Data extract
+===+

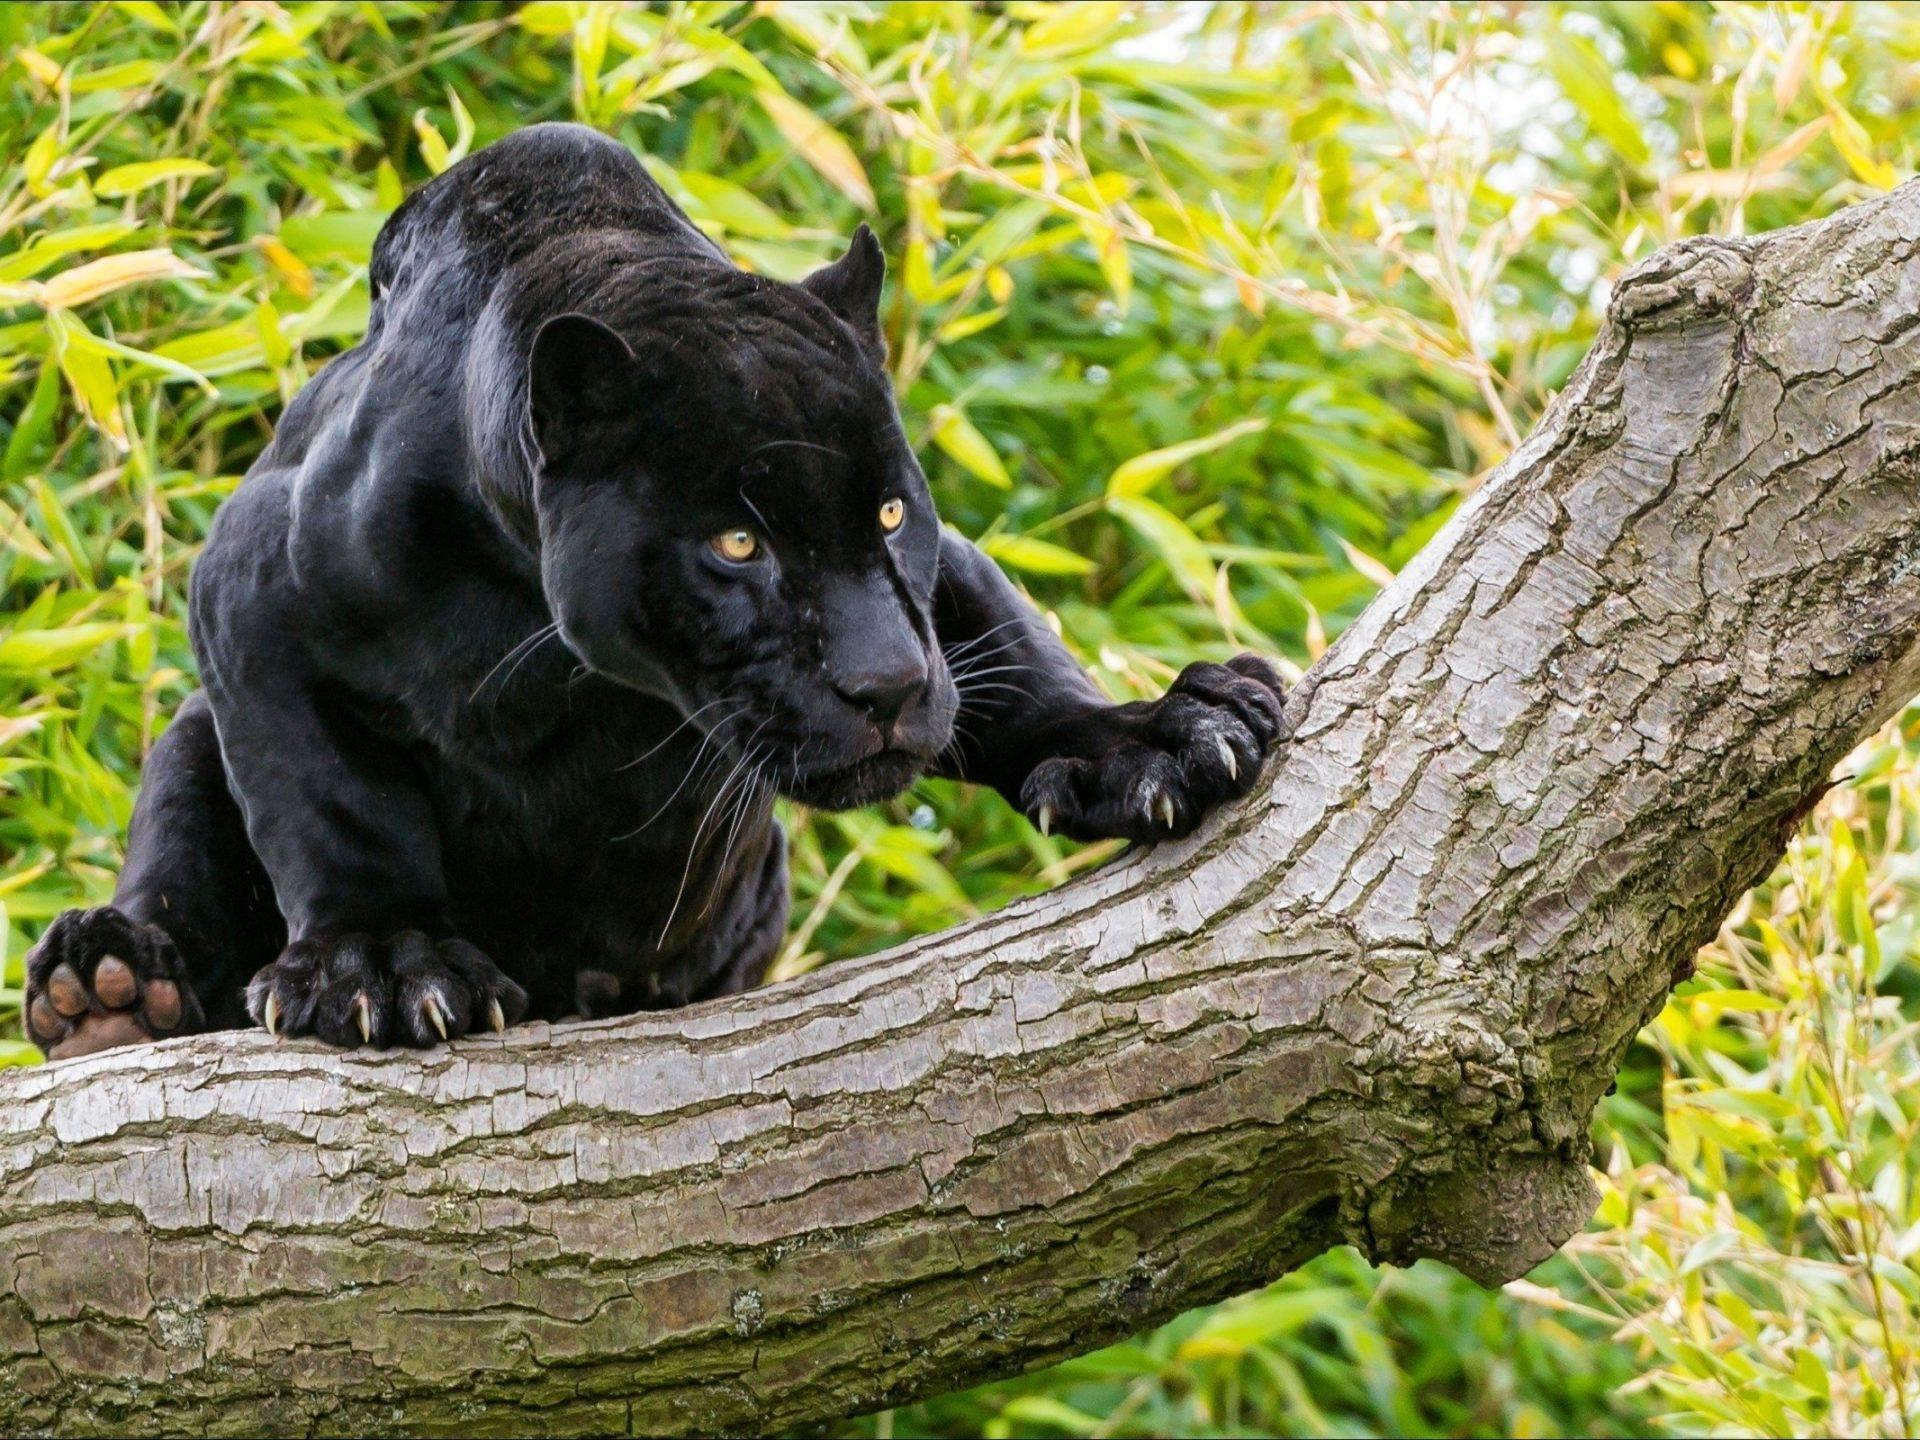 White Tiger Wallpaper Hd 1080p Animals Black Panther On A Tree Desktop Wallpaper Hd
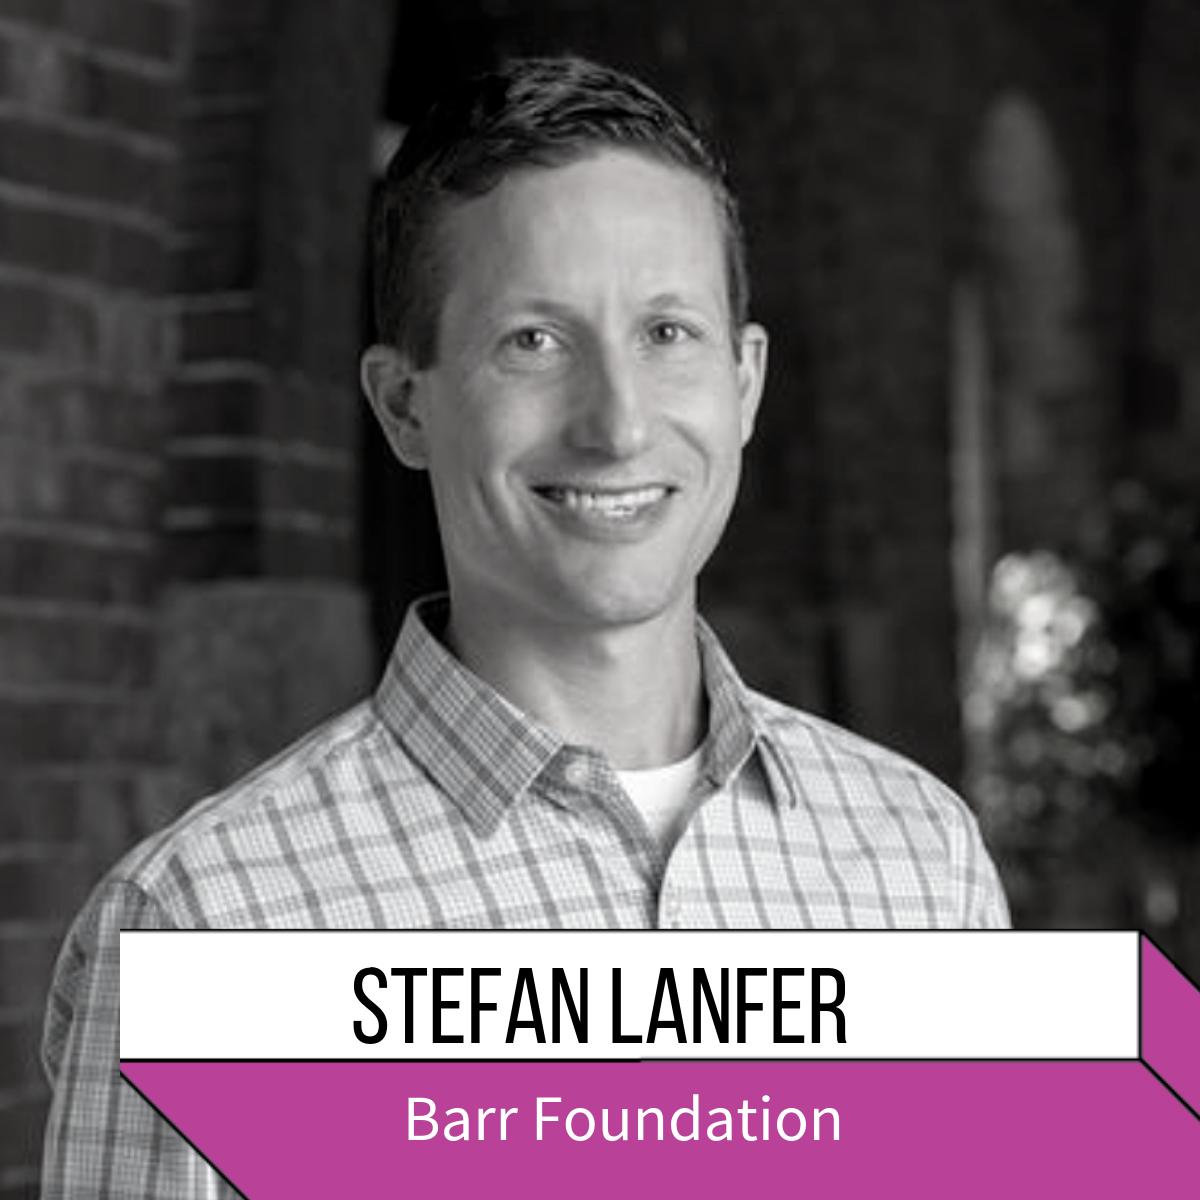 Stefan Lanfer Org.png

+===+

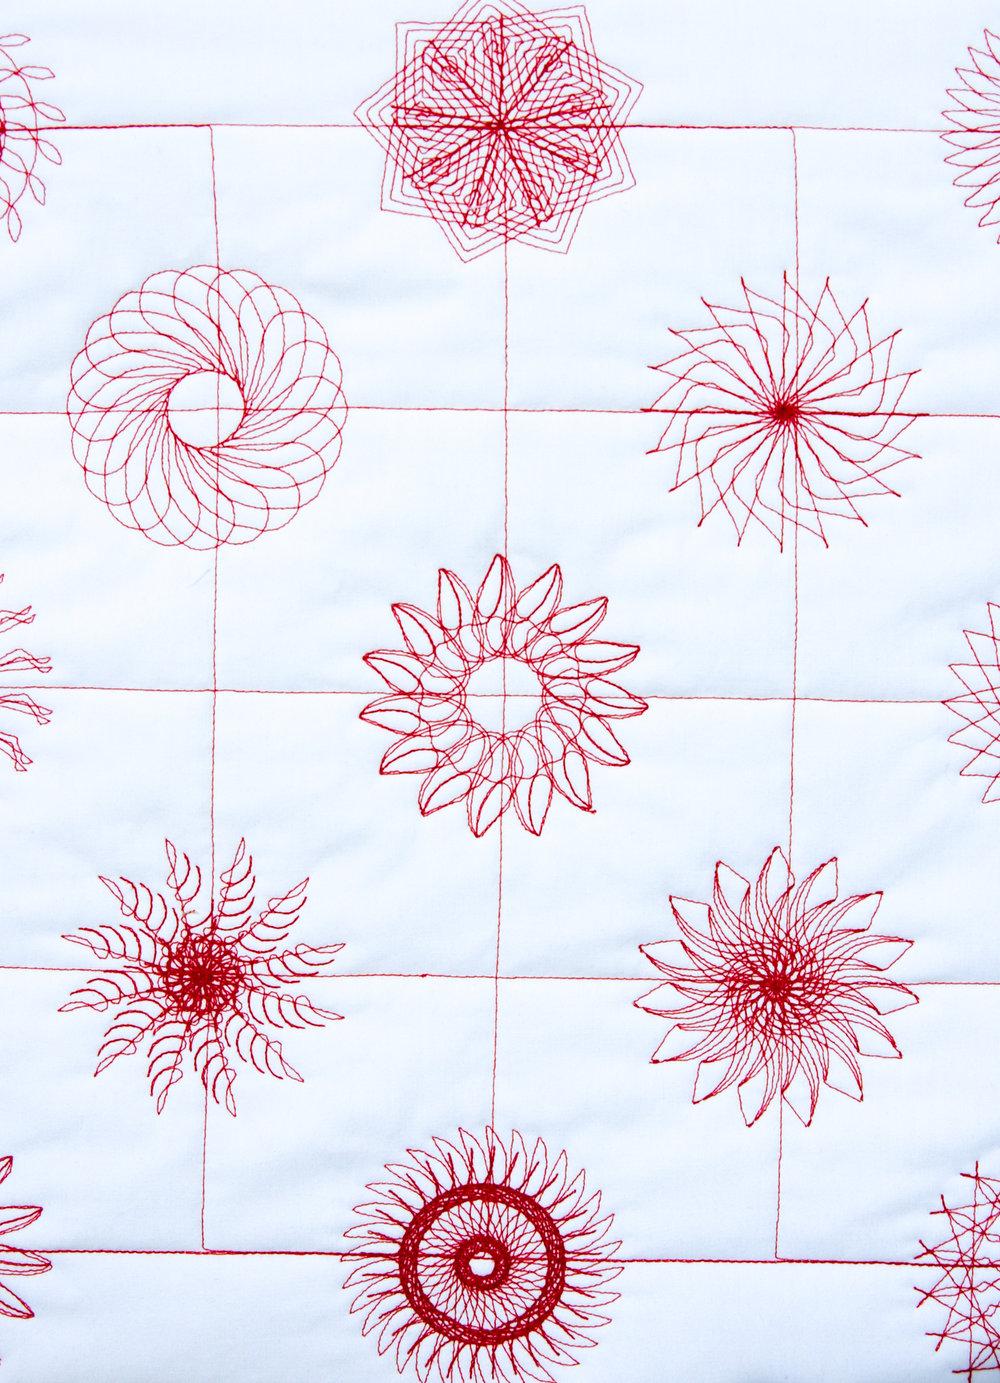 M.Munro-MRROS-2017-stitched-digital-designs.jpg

+===+

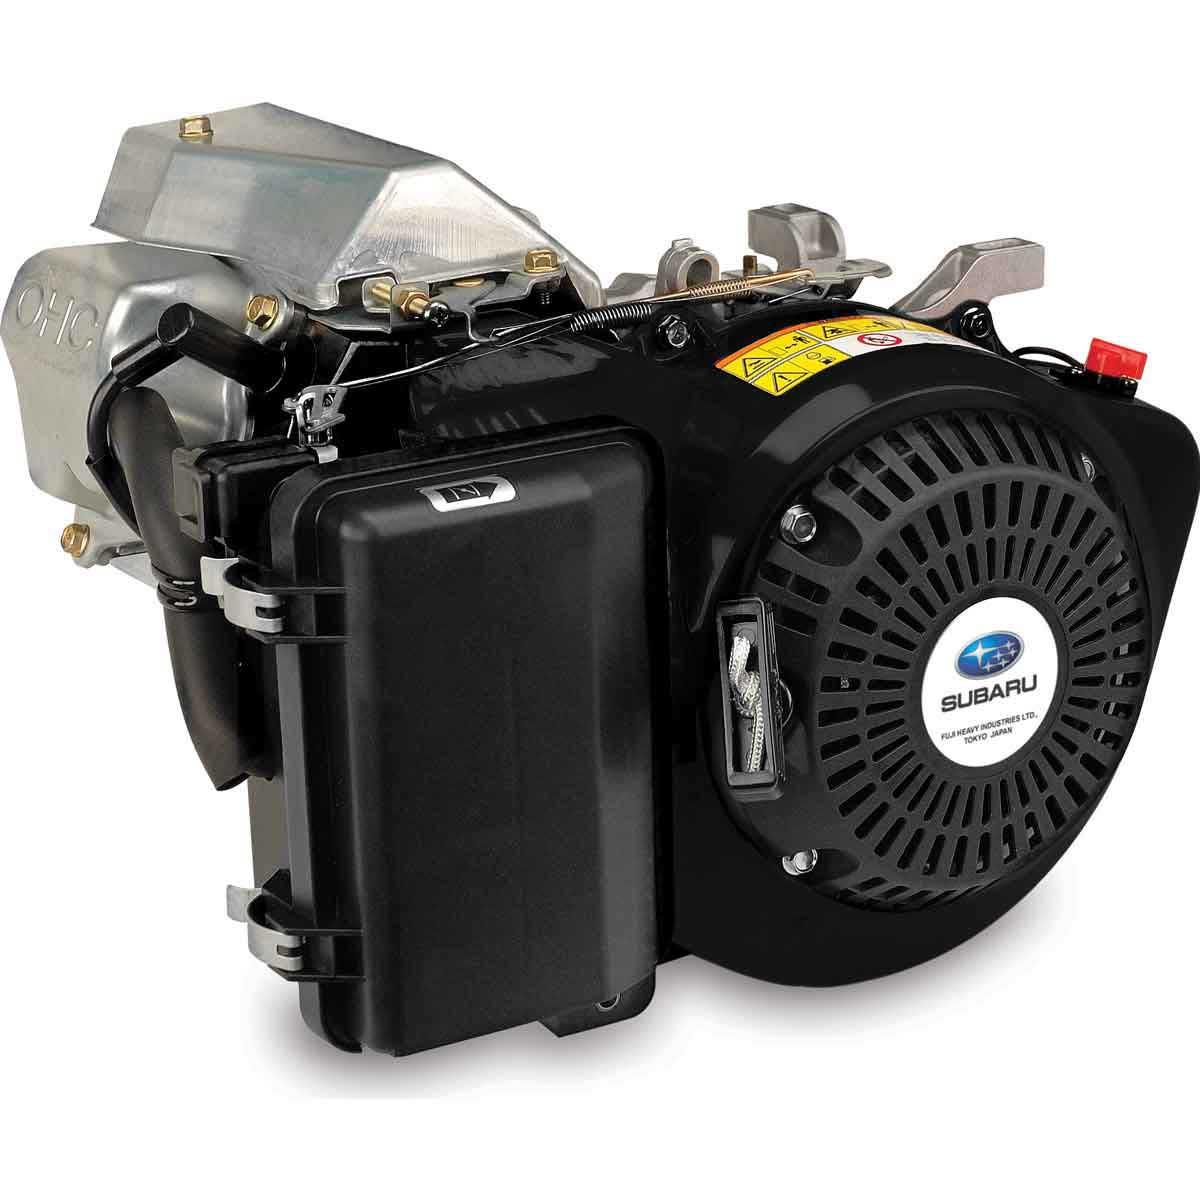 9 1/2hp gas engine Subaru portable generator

+===+

Task requirements
In the material above, the stretch from the line with "White Tiger Wallpaper" through the line with "Stefan Lanfer Org.png" is to be given again exactly, minus the pictures.

Worked solution
 White Tiger Wallpaper Hd 1080p Animals Black Panther On A Tree Desktop Wallpaper Hd
 Stefan Lanfer Org.png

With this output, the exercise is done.